Aim of the exercise:
The answer must reproduce the listing exactly, with every picture left out.

***** Available data *****

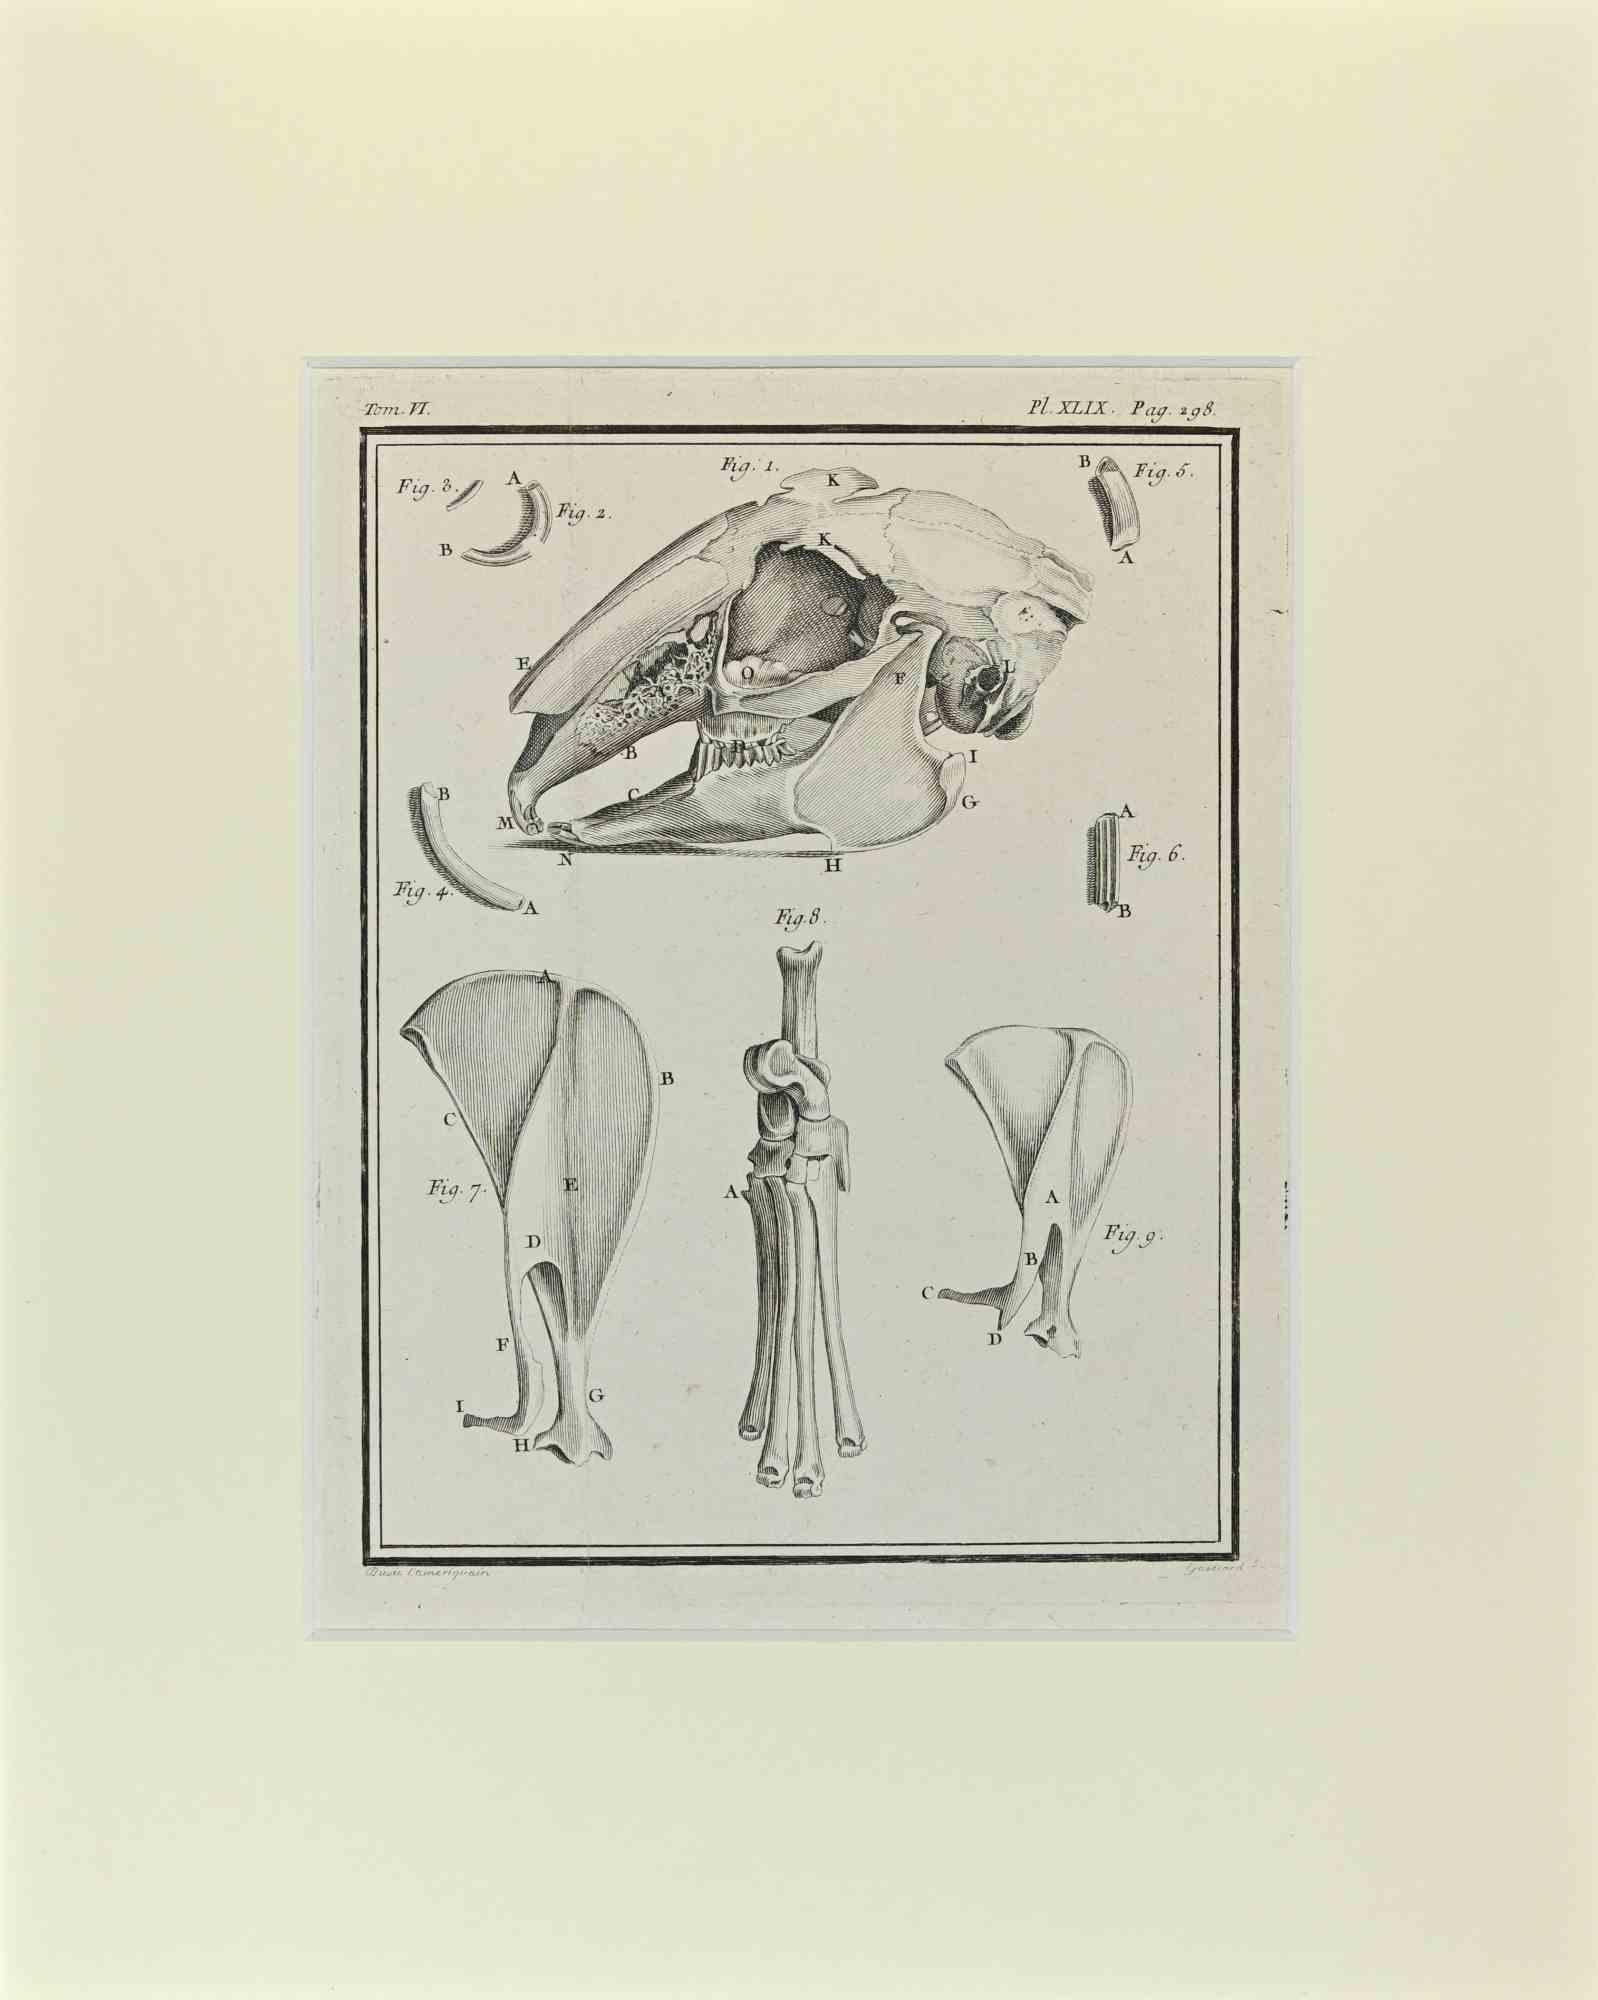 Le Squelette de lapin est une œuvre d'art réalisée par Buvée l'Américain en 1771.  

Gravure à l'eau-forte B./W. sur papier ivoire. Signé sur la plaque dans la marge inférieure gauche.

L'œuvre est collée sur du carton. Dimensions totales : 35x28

*****

Task result:
 Le Squelette de lapin est une œuvre d'art réalisée par Buvée l'Américain en 1771.  

Gravure à l'eau-forte B./W. sur papier ivoire. Signé sur la plaque dans la marge inférieure gauche.

L'œuvre est collée sur du carton. Dimensions totales : 35x28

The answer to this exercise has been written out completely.